Reik is a Mexican pop rock band from Mexicali, Baja California, formed in 2003 by Jesús Alberto Navarro Rosas (lead vocals), Julio Ramírez Eguía (guitar, background vocals), and Gilberto Marín Espinoza (guitar). The group's first five albums have been classified as Latin pop, but the group has since transitioned to a more urban-influenced sound since 2015. Reik has won a Latin Billboard Music Award, four Los Premios MTV Latinoamérica awards, and a Latin Grammy.
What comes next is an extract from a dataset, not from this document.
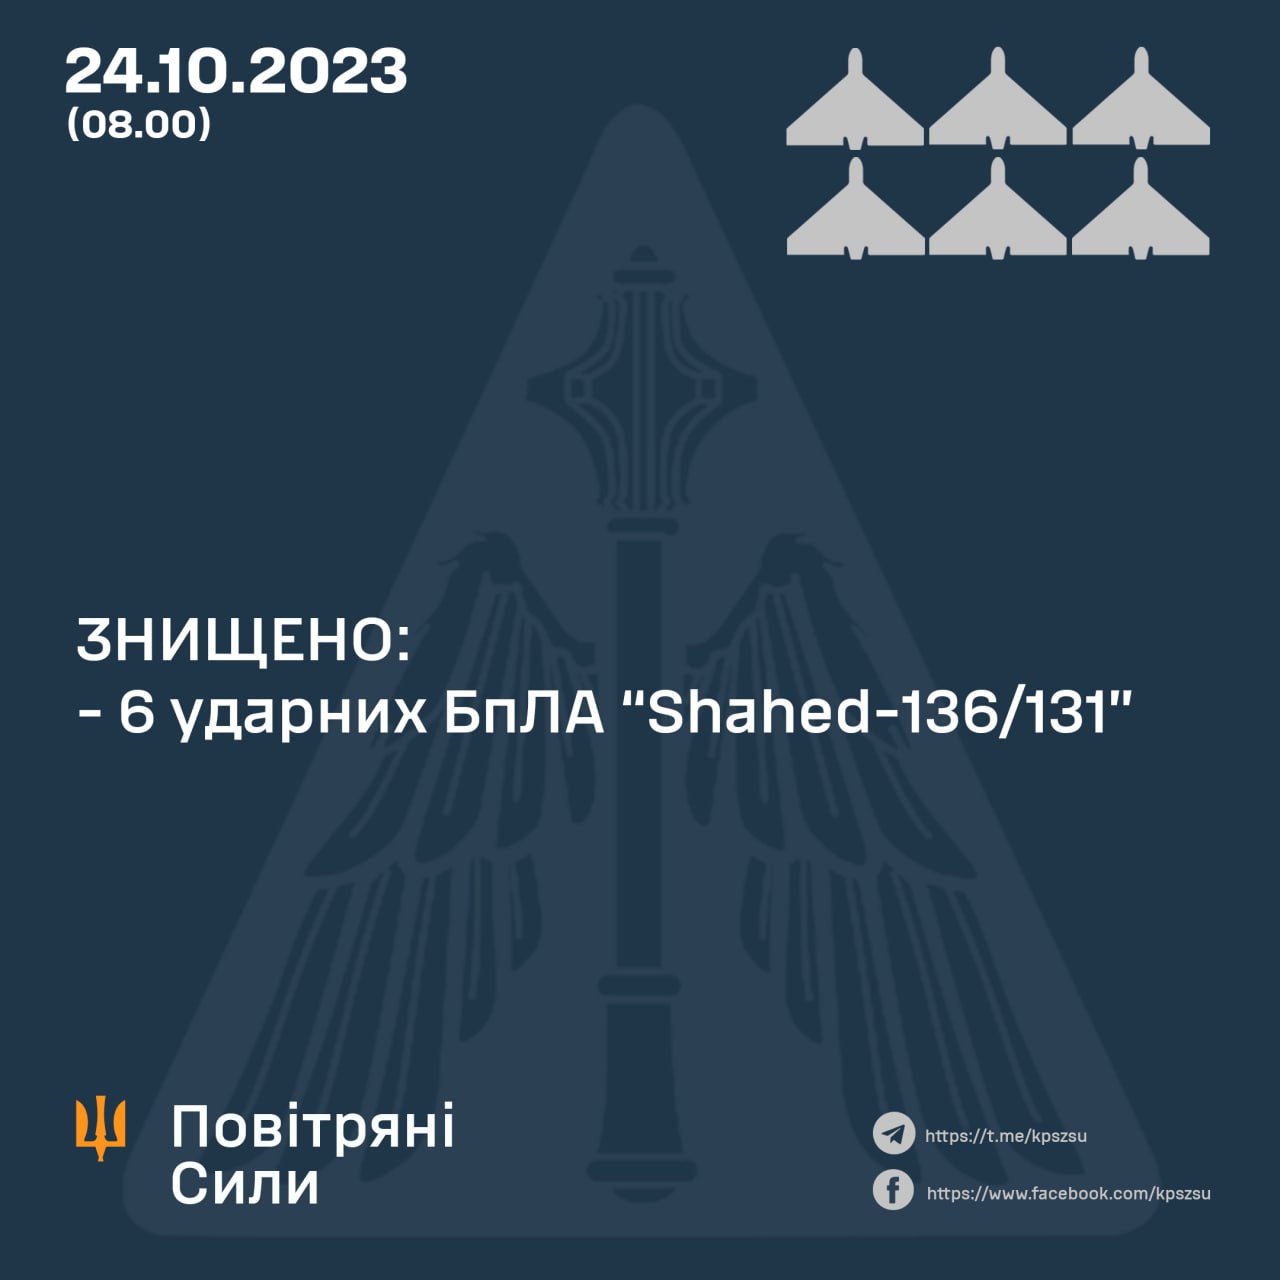 Infographics by the Air Force of the Armed Forces of Ukraine: 6 Shahed 131/136 attack UAVs were destroyed, Defense Express
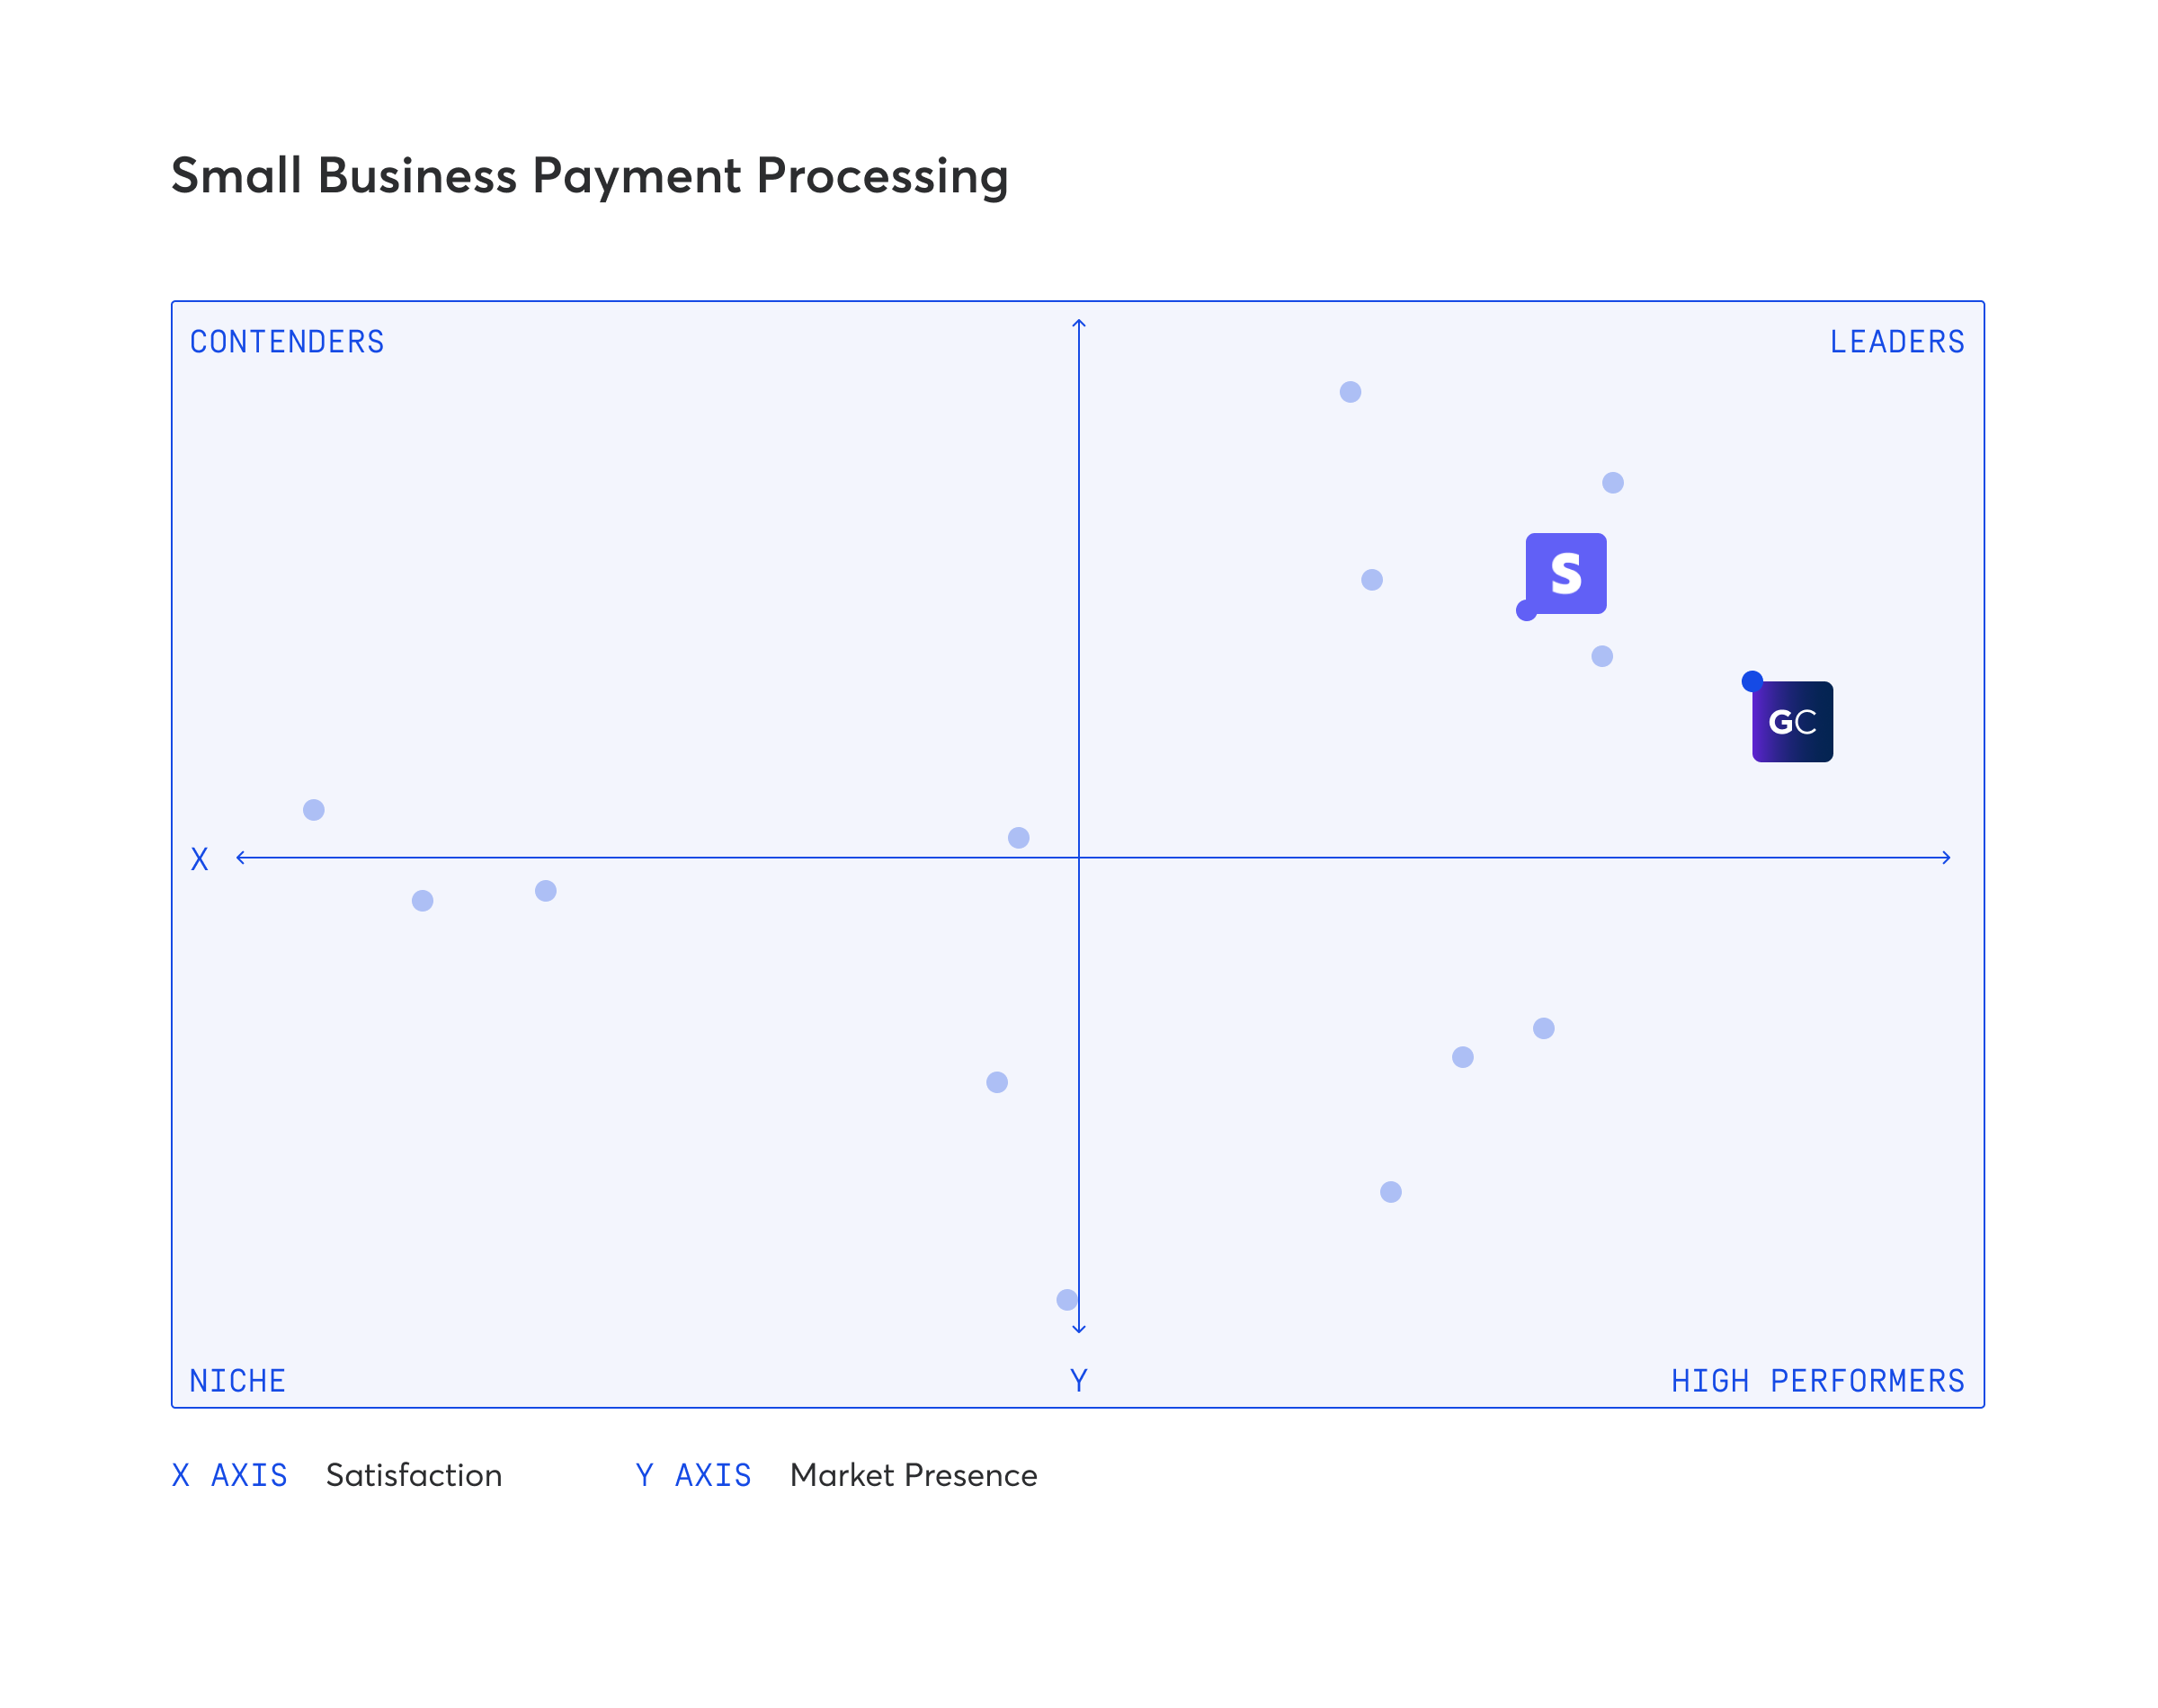 Small-Business-Payment-Processing-Grid

Formed in 2003, the group released its self-titled debut album in 2005 which featured the singles "Yo Quisiera" and "Qué Vida La Mía". Reik's second studio album, Secuencia, was released on 12 December 2006, anchored by the single, "Invierno". On 30 September 2008, Reik released its third studio album Un Día Más, for which the band won the Latin Grammy Award for Best Pop Album by a Duo or Group with Vocals in 2009. The band's following releases Peligro (2011) and Des/Amor (2015) featured a more electronic sound.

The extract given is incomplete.